Give the data again exactly as written, without any of its pictures.
======== AVAILABLE RECORDS
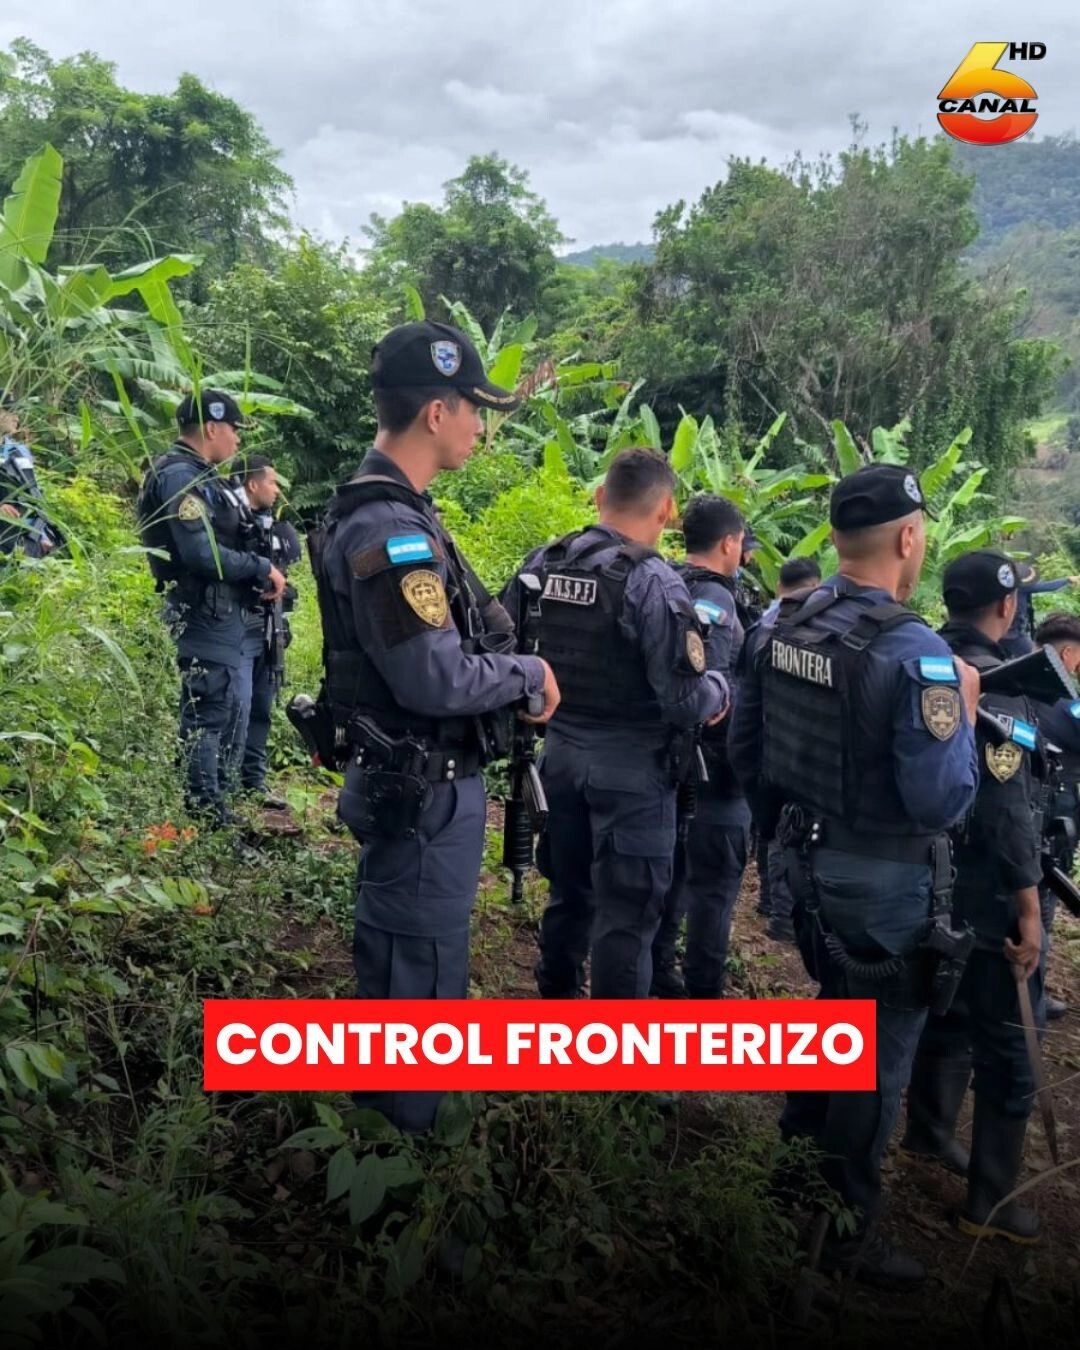 En Santa Bárbara La Policía De Fronteras Realiza Operaciones Policiales En Sectores Fronterizos Entre Honduras Y Guatemala
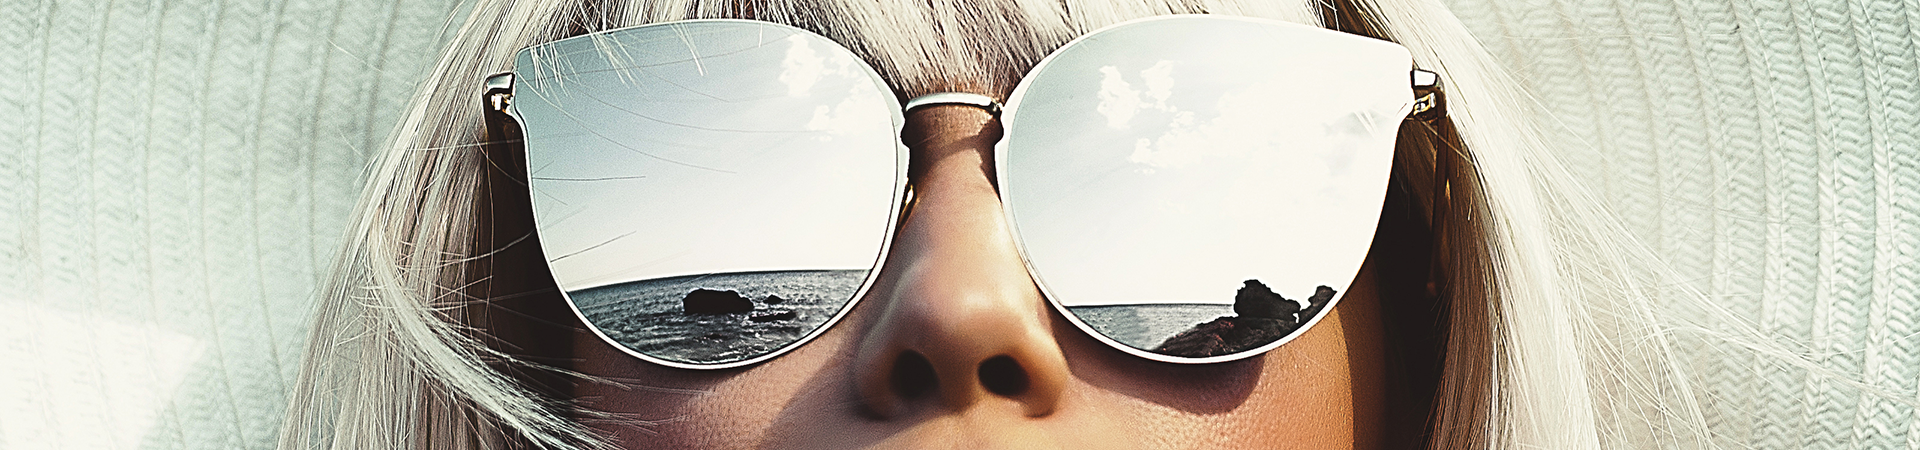 Solbrillemode | Hør om solbriller hos Rexbriller Helsingør
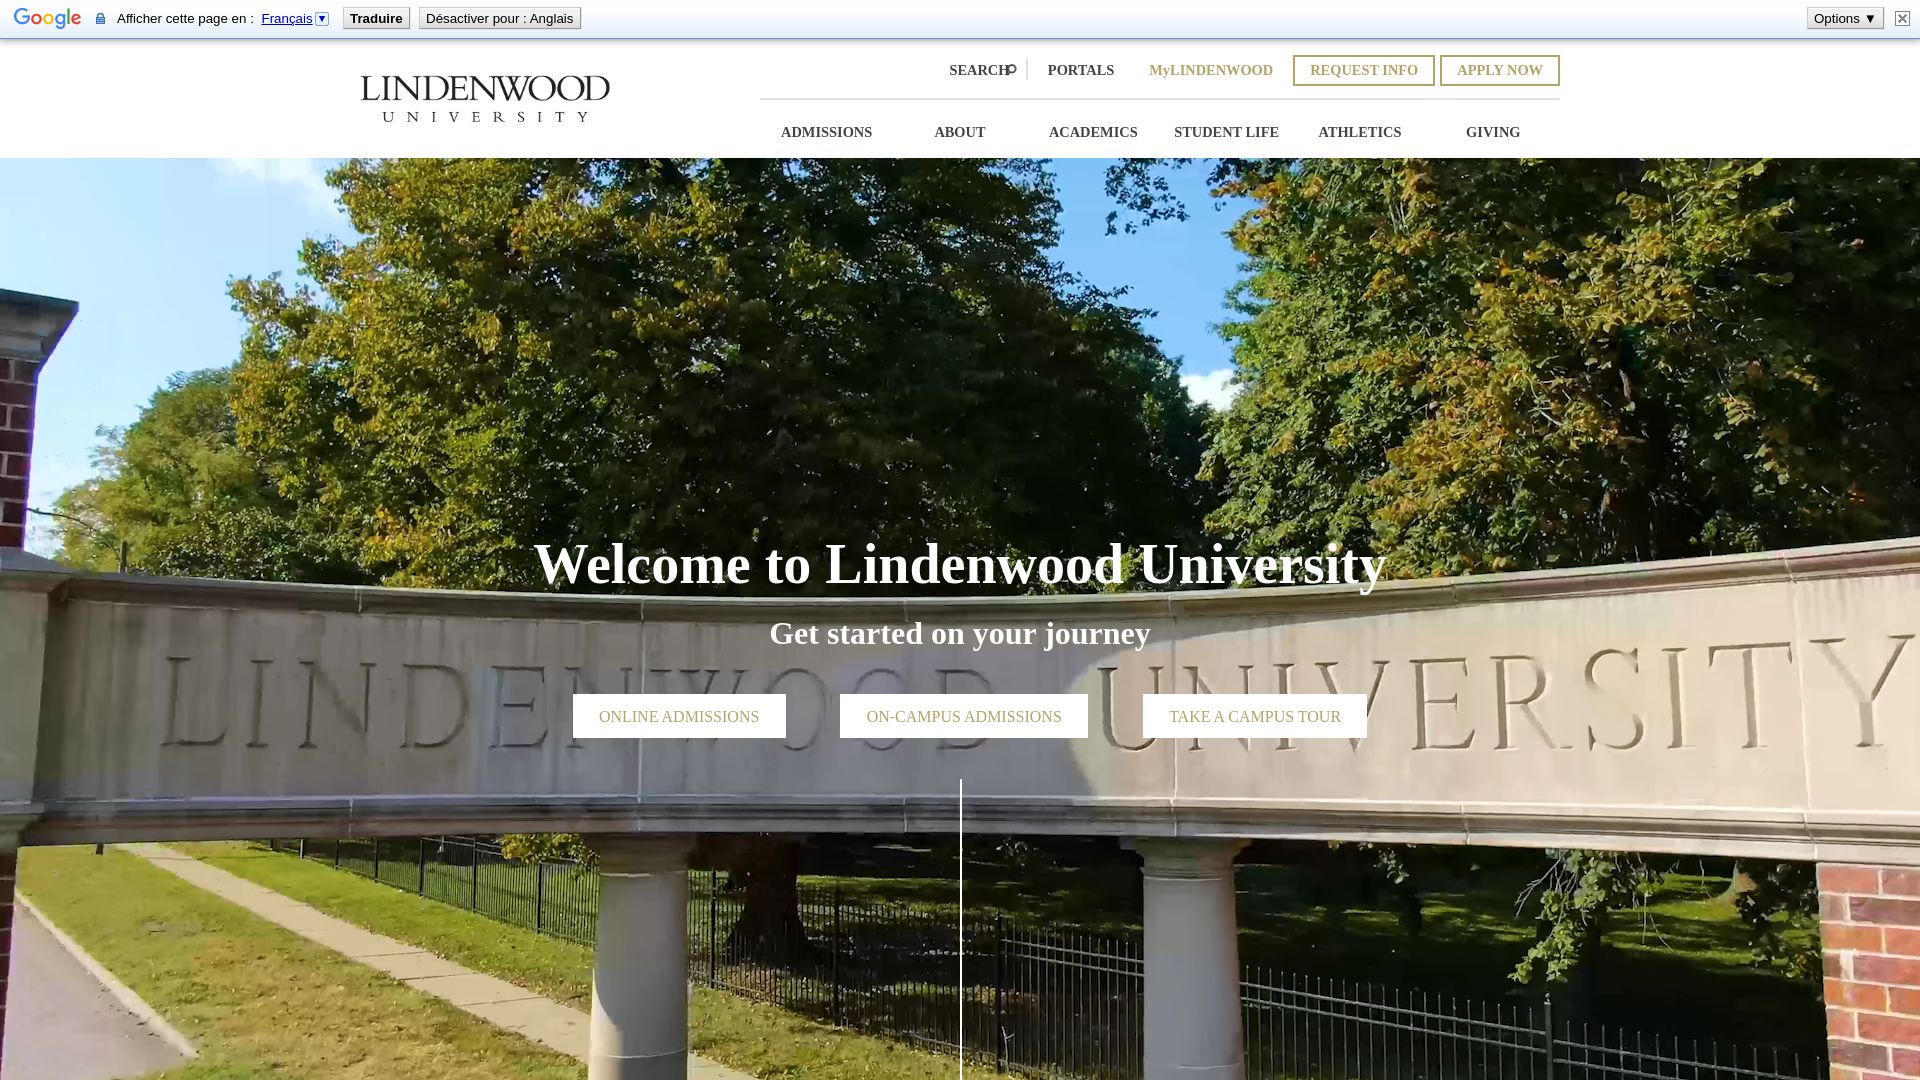 État du site web lindenwood.edu est   EN LIGNE
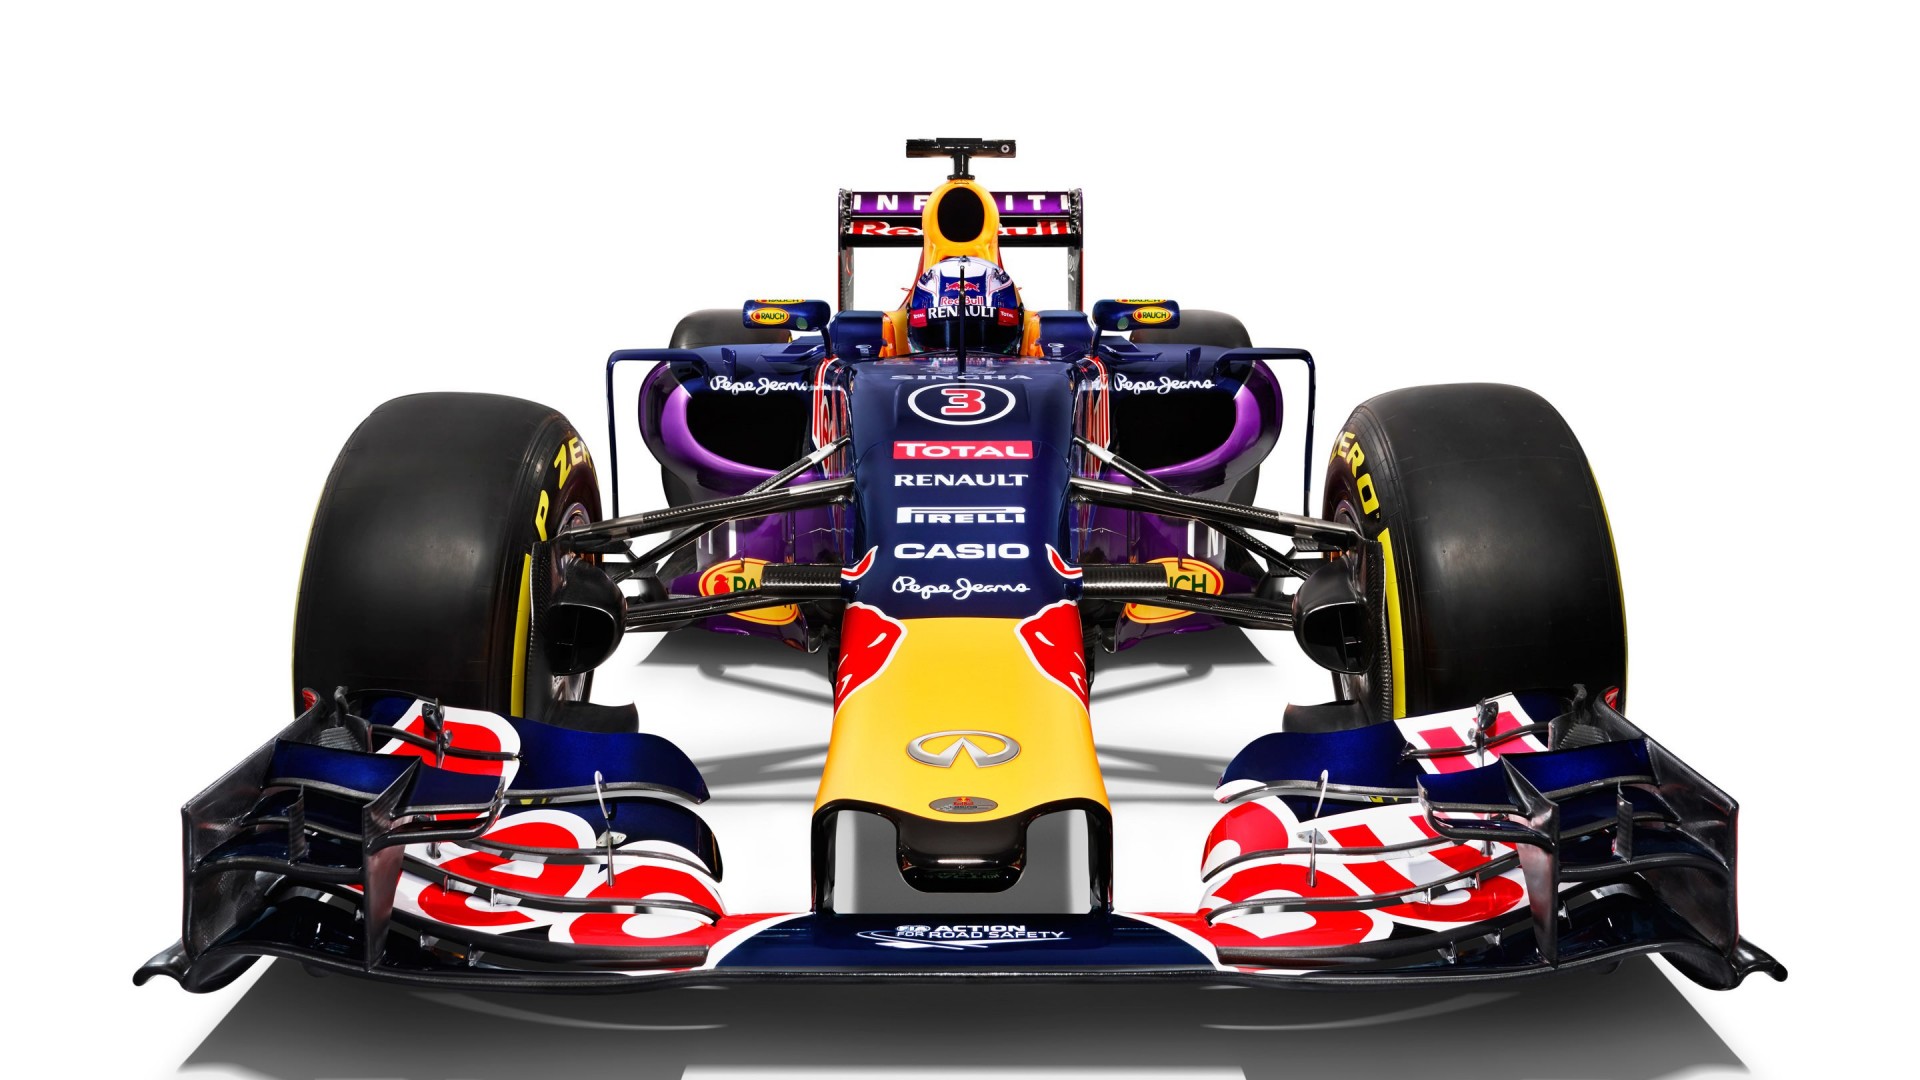 Infiniti Red Bull Racing RB11 2015 Formula 1 Car Wallpaper for Desktop 1920x1080
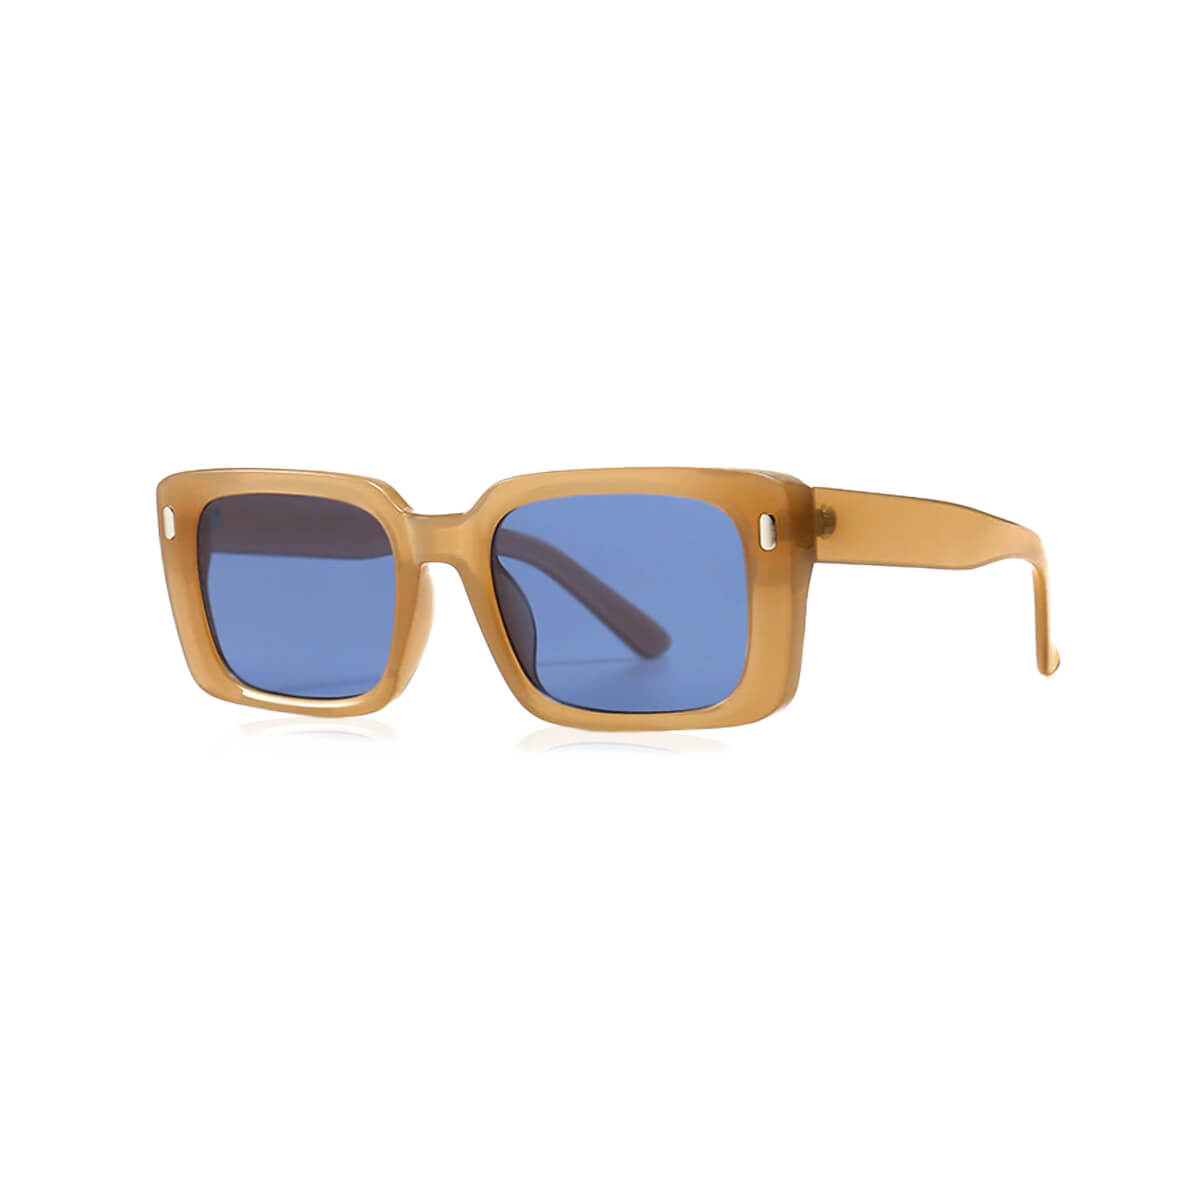 Frye Asher Blue Light Glasses Square Sunglasses
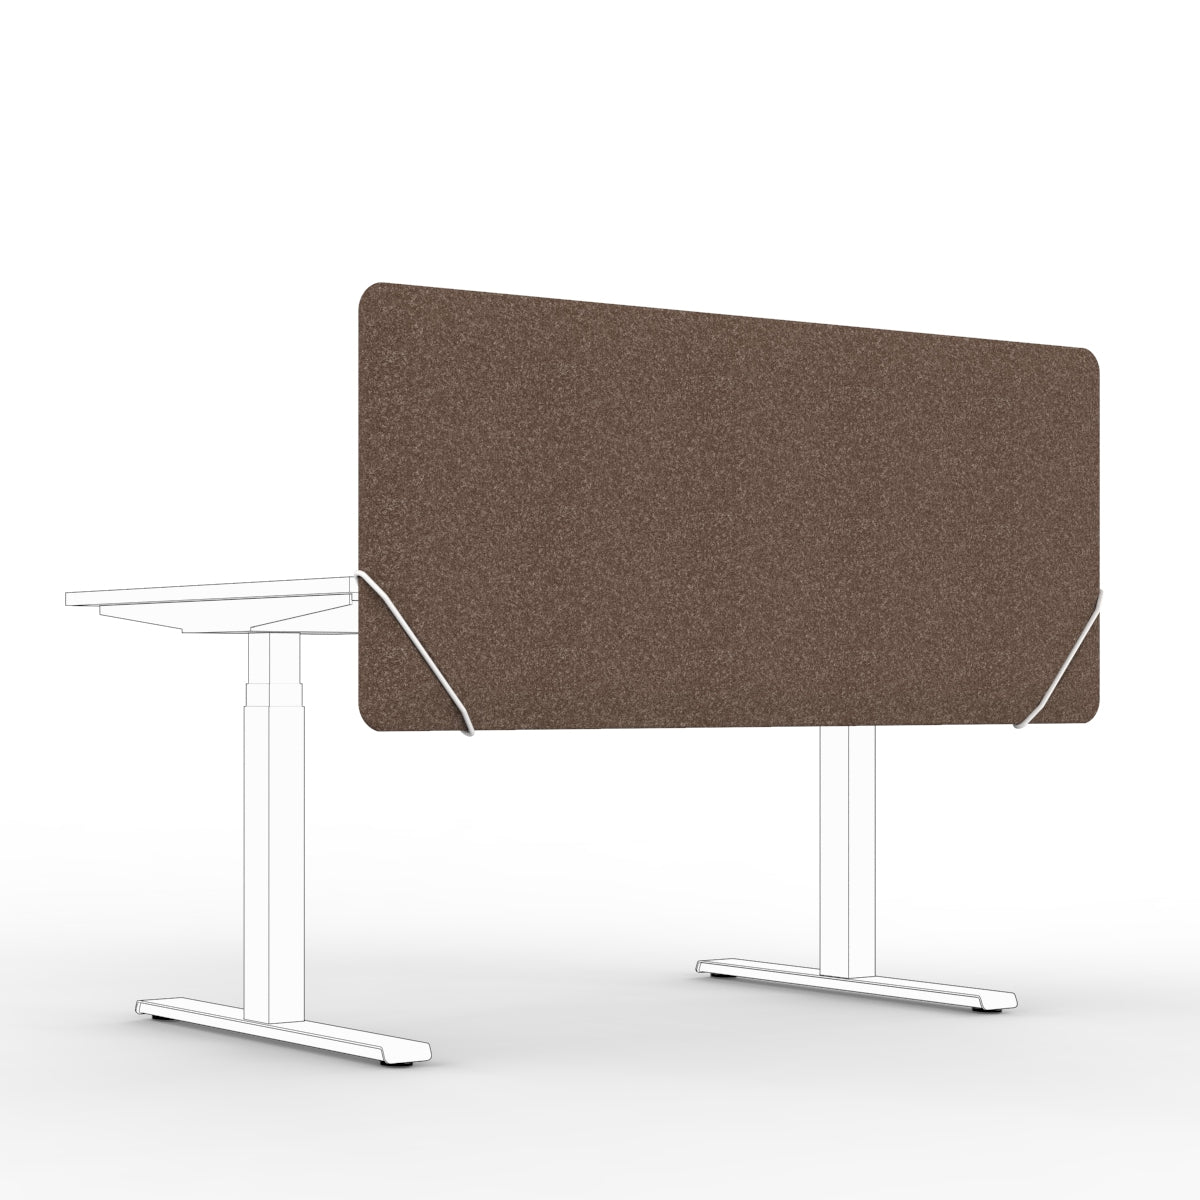 Sound absorbing table divider in brown felt with white slide on table mounts. Bordskjerm for skrivebord. Avskjerming og lyddemping på kontor
================
◆ **WORKED SOLUTION**:
 En Santa Bárbara La Policía De Fronteras Realiza Operaciones Policiales En Sectores Fronterizos Entre Honduras Y Guatemala
 Solbrillemode | Hør om solbriller hos Rexbriller Helsingør
 État du site web lindenwood.edu est   EN LIGNE
 Infiniti Red Bull Racing RB11 2015 Formula 1 Car Wallpaper for Desktop 1920x1080
 Frye Asher Blue Light Glasses Square Sunglasses
 Sound absorbing table divider in brown felt with white slide on table mounts. Bordskjerm for skrivebord. Avskjerming og lyddemping på kontor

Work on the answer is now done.